Why another API for file
handling?
The current java.io.File
API is a child left behind, while other
parts of the Java
API have grown robust. It provides minimal file management
capabilities. Some of the areas where the current file API
falls short are:
- Lack of information: The
current API is terse
when passing the information back to the application. For example,
operations like
rename()
and delete()
return a true
or a false
to indicate success or failure.
There is no information on what does a false
mean, why a
file could not
be deleted, etc. The application is not effectively told what
went wrong.
- Performance: The current
file API uses
fine-grained method calls for seeking information about a file. Calls
for file metadata such as "are you a file?", or "are you a directory,
are you
hidden, what was your last modified time?" are all made against the
file system in a granular way. There is no way to go and get all the
attributes in a single shot. This is inefficient. When asked for the entries under a directory, the
current API returns a list or an array (the
file.list()
operation). This doesn't scale when accessing large
directories, specifically when accessing a remote file system.
- Limited capability: The
current file API has no support in multiple areas that are so
frequently needed in applications.
- There is no way to
perform
rename(),
move(),
and other file operations atomically. These could fail with source and
target files co-existing. There is no way to create a file along with
initial file permissions set up in an atomic operation. This
allows
for an attack
window,
between the period when a
file is being created in one operation and the file permissions are
modified in a
subsequent operation.
- When copying a file, the
best option available until JDK 6 is
fileChannel.transferFrom(srcChannel,
0, srcChannel.size()). This
uses a byte channel as an intermediate for copying data. This copies
the file data, but does not copy the attributes. Currently,
there
is no
simple option for copying a file, along with its set of file
attributes.
- There is no support for
fetching the metadata of a file or a file
system, other than the basic attributes. For example, there is no
direct way to know the file owner, and the group or user permissions.
- There is no API level
support for
handling symbolic links, without
writing the native code. If the application demands resolving and
traversing through symbolic links, you have to write the
algorithms that handle the copy, move, delete and rename operations
involving
symbolic links. The complexity of handling circular
references with symbolic links is another task to deal with. There is a
good
chance that the application that needs to handle symbolic links will
resort
to native code that is not portable.
- There is
no support to probe the type of file
content. If you want to guess the type of file content, you have to write your own algorithm to read the bytes and make a good
guess on the content type.
- There is no way to
extend the file API to support other
custom file systems like memory files, encrypted file-system files, and
so on. In
essence, if you want to write an application like TrueCrypt,
you have no good support
from existing file API.
- There is no support for
file notifications. The only way to
know about
a change in the file system is to poll it, or
write a native call based on your operating system.
The NIO-2 Prodigy
The NIO-2 API includes features to correct the shortcomings of the
current file-system API. There are certain elements of
design used in the NIO-2 APIs that are worth mentioning.
- Informative exceptions:
The methods that access the file system
throw checked
IOExceptions.
There are specific
subclasses of IOException
that encapsulate detailed
information about the files in context, the reason for failure, and the
detailed message. This can assist the application to recover from
specific errors.
- Method
Chaining is used to simplify
repeated object interactions on
the same object. This produces compact code and alleviates the need for
declaring unnecessary variables.
DirectoryStream<Path> dirStream = Paths.getPath("conf_link").createSymbolicLink(..., ...).resolve() .newDirectoryStream();
- Varargs
are used in operations that accept options or flags as
parameters.
This allows passing the options as arrays, or as comma-separated values.

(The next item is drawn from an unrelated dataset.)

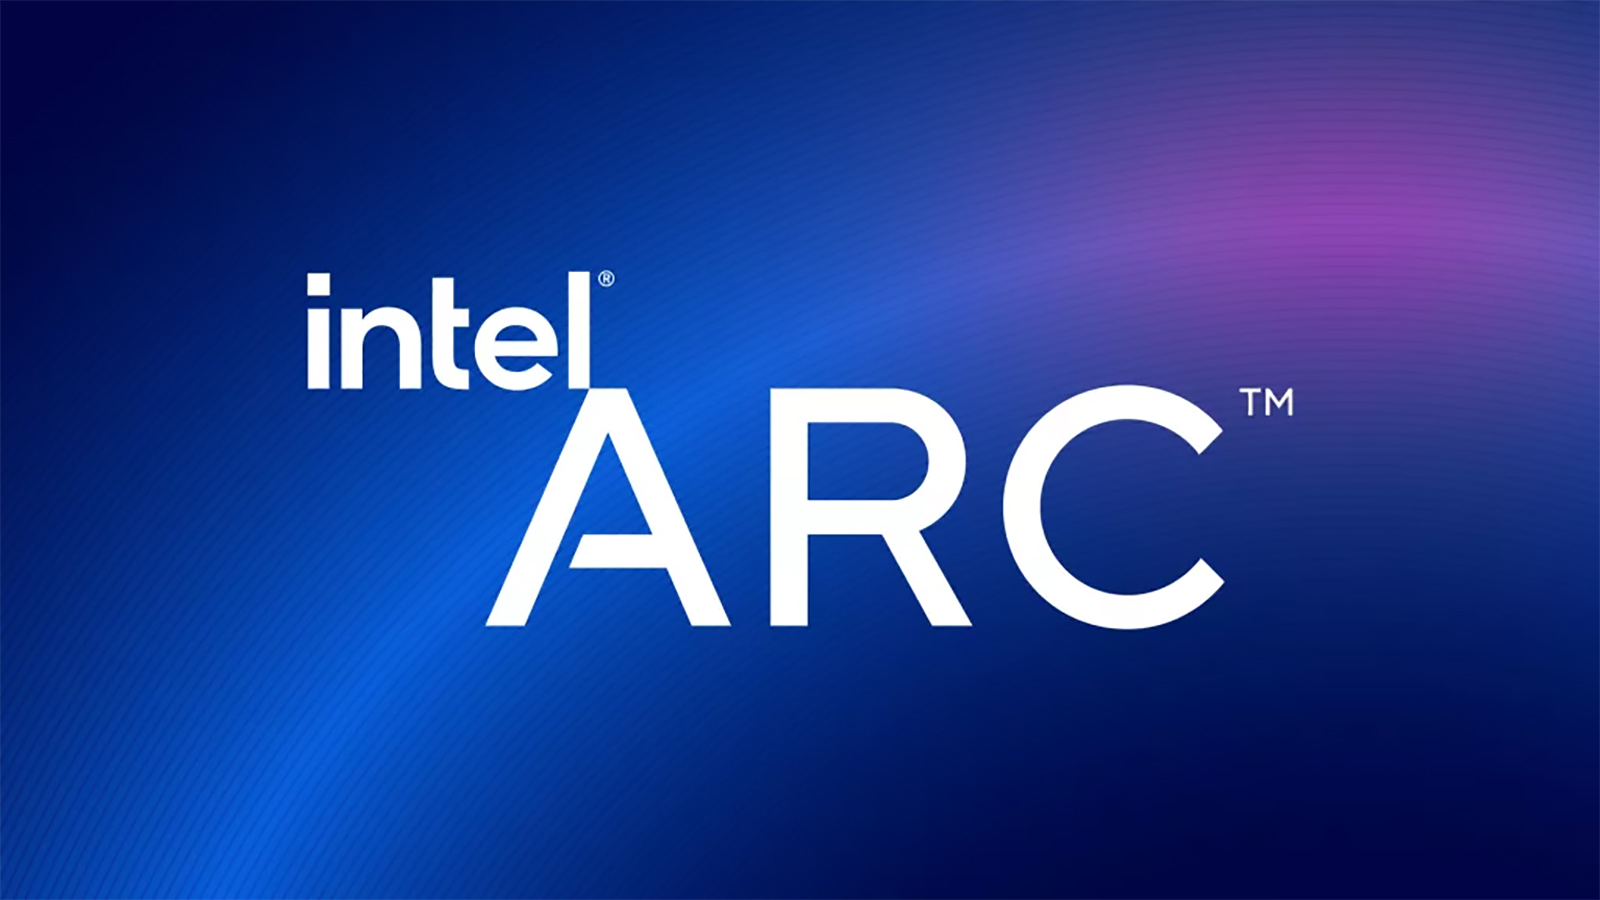 英特爾即將推出新的 Line of Arc 筆記型電腦 GPU

Path path = Paths.getPath("/app/config"); SeekableByteChannel channel = path.newByteChannel(StandardOpenOption.CREATE, StandardOpenOption.WRITE, StandardOpenOption.APPEND, StandardOpenOption.SYNC); channel.write(...);
Class orchestration
Packages: The NIO-2
APIs for
file management reside under a new package
java.nio.file, with two
sub-packages:
java.nio.file.attribute:
This is the container for classes that supports bulk access to file and
file store attributes.
java.nio.file.spi:
This is
the service provider interface subpackage. It provides a contract for
pluggable file system implementations and is a facility for creating
your own file system provider implementations.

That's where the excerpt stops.